Conclusion : extradition would constitute a violation (unanimously).
Article 5 § 1 (f): The applicant‘s detention as of 6 August 2017 had been ordered with a view to his extradition from Poland. The first period lasted less than one year until the Court of Appeal’s decision on 26 July 2018. The simultaneous extradition and asylum proceedings had been pursued by the authorities with due diligence.
The same was not true in respect of the period from 26 July 2018 to present. The Supreme Court had delivered its judgment on 1 October 2020 after a year and four months – after a total period of detention of three years and two months
Consequently, having regard to the nature of the extradition proceedings, whose aim was to ensure that the prosecution of the applicant would be pursued in another State, and the unjustified delays in the proceedings, the applicant’s detention had not been “lawful”.
Conclusion : violation (unanimously).
Rule 39: The indications made to the Government to remain in force until the present judgment becomes final or until the Court takes a further decision in this regard.
Article 41: EUR 6,000 in respect of non-pecuniary damage. Claim in respect of pecuniary damage dismissed.

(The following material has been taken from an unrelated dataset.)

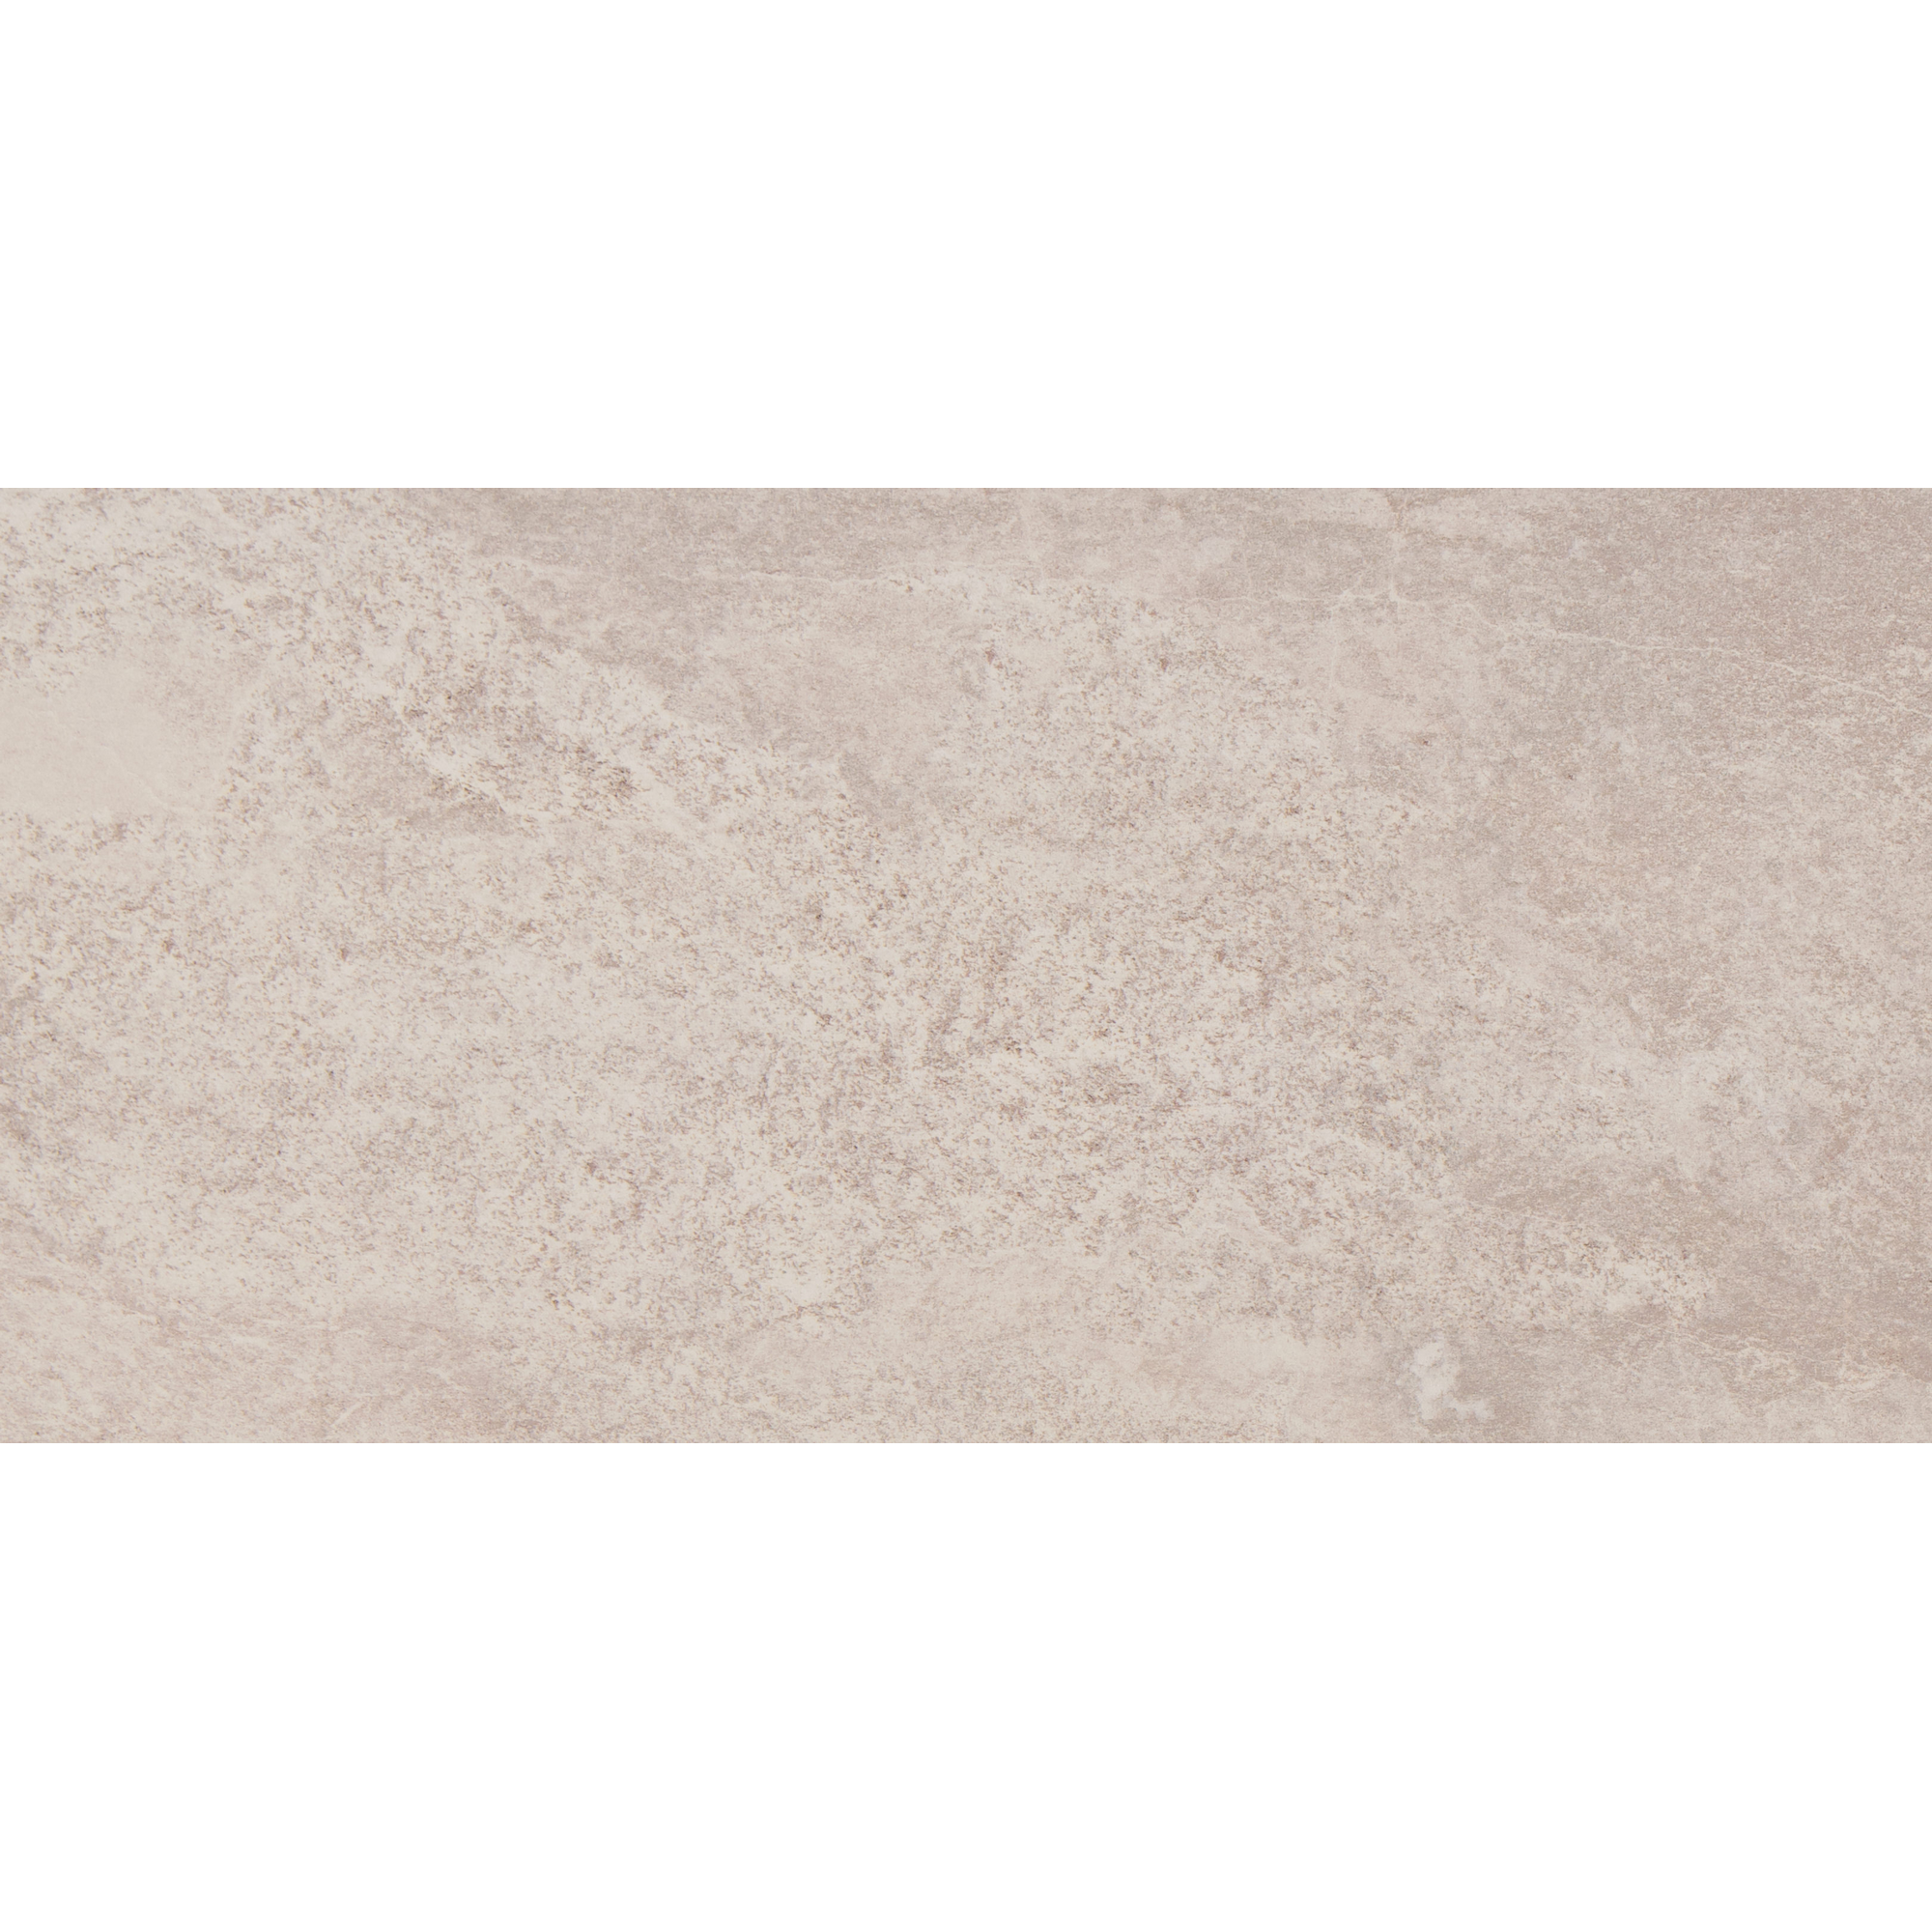 Bodenfliese 'Tempio' Feinsteinzeug beige 30,2 x 60,4 cm + product picture

(See also Sufi and Elmi v. the United Kingdom , 8319/07 and 11449/07, 28 June 2011, Legal summary ; Harkins and Edwards v. the United Kingdom , 9146/07 and 32650/07, 17 January 2012, Legal summary ; Othman (Abu Qatada) v. the United Kingdom , 8139/09, 17 January 2012, Legal summary ; J.K. and Others v. Sweden [GC], 59166/12, 23 August 2016, Legal summary ; Khasanov and Rakhmanov v. Russia [GC], 28492/15 and 49975/15, 29 April 2022, Legal summary )
© Council of Europe/European Court of Human Rights This summary by the Registry does not bind the Court.